(Collection entries)
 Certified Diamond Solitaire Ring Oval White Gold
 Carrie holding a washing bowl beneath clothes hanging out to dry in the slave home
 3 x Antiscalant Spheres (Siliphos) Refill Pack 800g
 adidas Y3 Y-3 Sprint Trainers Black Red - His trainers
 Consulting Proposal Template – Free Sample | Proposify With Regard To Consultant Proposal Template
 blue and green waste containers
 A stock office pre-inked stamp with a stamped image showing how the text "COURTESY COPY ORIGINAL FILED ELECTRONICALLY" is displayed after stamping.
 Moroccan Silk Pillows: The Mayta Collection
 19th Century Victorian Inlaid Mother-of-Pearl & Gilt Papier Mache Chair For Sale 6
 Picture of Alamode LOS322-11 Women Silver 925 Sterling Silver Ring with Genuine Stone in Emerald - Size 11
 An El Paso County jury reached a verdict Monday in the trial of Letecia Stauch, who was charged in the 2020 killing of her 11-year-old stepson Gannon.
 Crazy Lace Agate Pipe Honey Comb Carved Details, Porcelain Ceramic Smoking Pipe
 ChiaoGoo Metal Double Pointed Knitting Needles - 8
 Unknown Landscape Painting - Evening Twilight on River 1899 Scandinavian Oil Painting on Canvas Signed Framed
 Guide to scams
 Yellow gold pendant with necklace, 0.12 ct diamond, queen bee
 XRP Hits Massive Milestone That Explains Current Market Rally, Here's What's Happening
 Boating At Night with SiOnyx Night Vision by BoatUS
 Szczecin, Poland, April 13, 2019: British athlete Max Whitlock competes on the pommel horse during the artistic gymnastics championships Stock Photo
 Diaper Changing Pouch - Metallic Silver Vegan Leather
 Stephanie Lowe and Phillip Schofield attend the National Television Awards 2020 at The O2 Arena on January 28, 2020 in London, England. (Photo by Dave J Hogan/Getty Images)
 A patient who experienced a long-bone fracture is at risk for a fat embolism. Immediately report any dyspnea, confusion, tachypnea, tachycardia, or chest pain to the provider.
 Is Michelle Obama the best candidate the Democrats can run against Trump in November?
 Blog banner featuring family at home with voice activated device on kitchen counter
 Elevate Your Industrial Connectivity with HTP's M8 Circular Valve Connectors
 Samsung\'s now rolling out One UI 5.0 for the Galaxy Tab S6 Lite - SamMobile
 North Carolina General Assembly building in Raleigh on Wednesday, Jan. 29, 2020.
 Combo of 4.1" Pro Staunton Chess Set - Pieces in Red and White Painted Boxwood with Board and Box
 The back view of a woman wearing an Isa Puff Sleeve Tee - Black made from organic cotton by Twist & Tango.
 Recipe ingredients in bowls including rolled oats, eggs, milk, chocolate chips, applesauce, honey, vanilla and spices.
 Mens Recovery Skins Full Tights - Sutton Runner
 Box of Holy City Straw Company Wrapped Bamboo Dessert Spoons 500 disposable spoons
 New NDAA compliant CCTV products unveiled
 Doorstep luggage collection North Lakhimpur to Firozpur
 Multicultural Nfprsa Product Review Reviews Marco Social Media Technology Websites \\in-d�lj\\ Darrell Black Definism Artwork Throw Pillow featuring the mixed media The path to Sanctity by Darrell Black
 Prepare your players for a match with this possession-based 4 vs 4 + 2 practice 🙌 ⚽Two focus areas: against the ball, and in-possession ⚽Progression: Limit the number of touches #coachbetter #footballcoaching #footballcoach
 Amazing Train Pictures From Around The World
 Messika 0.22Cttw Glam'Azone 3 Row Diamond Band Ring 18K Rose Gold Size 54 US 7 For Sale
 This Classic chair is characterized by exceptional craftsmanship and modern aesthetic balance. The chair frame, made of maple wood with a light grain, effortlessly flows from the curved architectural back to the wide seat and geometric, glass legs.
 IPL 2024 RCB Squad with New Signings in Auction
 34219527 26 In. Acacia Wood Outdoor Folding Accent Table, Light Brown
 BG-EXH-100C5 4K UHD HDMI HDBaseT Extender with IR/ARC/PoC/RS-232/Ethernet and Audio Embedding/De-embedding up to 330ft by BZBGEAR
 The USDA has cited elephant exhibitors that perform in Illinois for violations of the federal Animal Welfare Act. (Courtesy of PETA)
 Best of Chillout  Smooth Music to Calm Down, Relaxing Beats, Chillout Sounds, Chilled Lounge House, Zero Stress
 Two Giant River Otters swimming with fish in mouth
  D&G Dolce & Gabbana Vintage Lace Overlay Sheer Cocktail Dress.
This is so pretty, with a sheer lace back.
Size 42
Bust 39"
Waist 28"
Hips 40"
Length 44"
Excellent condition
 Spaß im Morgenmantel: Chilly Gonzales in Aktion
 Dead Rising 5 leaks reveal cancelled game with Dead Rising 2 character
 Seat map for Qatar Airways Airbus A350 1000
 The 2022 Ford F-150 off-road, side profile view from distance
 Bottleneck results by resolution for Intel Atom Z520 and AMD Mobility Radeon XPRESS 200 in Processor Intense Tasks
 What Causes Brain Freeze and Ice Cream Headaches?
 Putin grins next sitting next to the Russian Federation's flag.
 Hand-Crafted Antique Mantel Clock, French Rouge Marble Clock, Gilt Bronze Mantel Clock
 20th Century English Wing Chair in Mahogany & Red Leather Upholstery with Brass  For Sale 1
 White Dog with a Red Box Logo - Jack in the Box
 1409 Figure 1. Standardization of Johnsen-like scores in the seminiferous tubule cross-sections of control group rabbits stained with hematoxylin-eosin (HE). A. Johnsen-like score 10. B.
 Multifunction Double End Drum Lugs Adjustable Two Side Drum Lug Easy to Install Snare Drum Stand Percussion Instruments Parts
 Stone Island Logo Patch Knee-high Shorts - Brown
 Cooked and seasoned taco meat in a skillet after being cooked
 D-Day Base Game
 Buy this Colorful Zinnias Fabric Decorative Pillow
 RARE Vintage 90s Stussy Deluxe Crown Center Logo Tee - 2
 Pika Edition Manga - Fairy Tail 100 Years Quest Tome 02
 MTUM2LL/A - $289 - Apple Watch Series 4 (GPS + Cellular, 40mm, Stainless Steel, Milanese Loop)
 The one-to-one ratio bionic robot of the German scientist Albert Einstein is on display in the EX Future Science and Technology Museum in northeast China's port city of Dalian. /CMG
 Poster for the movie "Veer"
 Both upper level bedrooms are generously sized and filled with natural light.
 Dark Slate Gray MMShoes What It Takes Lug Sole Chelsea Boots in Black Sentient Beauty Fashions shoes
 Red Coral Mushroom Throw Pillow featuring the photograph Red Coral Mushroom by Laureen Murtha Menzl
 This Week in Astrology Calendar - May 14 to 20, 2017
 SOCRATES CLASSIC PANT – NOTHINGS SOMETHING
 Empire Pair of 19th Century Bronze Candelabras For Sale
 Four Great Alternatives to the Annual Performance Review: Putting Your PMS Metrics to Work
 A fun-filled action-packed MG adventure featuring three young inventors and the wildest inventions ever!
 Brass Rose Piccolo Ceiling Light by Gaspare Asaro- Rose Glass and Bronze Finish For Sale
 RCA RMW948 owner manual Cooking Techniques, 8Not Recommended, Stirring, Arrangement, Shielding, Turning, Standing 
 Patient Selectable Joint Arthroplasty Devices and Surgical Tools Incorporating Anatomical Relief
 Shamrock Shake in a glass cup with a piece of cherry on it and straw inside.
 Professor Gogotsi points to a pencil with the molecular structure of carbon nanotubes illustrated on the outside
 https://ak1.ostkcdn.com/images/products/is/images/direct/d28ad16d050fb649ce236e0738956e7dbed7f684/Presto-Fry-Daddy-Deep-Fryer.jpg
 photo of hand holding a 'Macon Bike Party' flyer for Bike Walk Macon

(Problem statement) In the entries above, the lines from the one bearing "Consulting Proposal Template" up to and including the one bearing "Diaper Changing Pouch" should be transcribed exactly; no other line is wanted.

(Result below)
 Consulting Proposal Template – Free Sample | Proposify With Regard To Consultant Proposal Template
 blue and green waste containers
 A stock office pre-inked stamp with a stamped image showing how the text "COURTESY COPY ORIGINAL FILED ELECTRONICALLY" is displayed after stamping.
 Moroccan Silk Pillows: The Mayta Collection
 19th Century Victorian Inlaid Mother-of-Pearl & Gilt Papier Mache Chair For Sale 6
 Picture of Alamode LOS322-11 Women Silver 925 Sterling Silver Ring with Genuine Stone in Emerald - Size 11
 An El Paso County jury reached a verdict Monday in the trial of Letecia Stauch, who was charged in the 2020 killing of her 11-year-old stepson Gannon.
 Crazy Lace Agate Pipe Honey Comb Carved Details, Porcelain Ceramic Smoking Pipe
 ChiaoGoo Metal Double Pointed Knitting Needles - 8
 Unknown Landscape Painting - Evening Twilight on River 1899 Scandinavian Oil Painting on Canvas Signed Framed
 Guide to scams
 Yellow gold pendant with necklace, 0.12 ct diamond, queen bee
 XRP Hits Massive Milestone That Explains Current Market Rally, Here's What's Happening
 Boating At Night with SiOnyx Night Vision by BoatUS
 Szczecin, Poland, April 13, 2019: British athlete Max Whitlock competes on the pommel horse during the artistic gymnastics championships Stock Photo
 Diaper Changing Pouch - Metallic Silver Vegan Leather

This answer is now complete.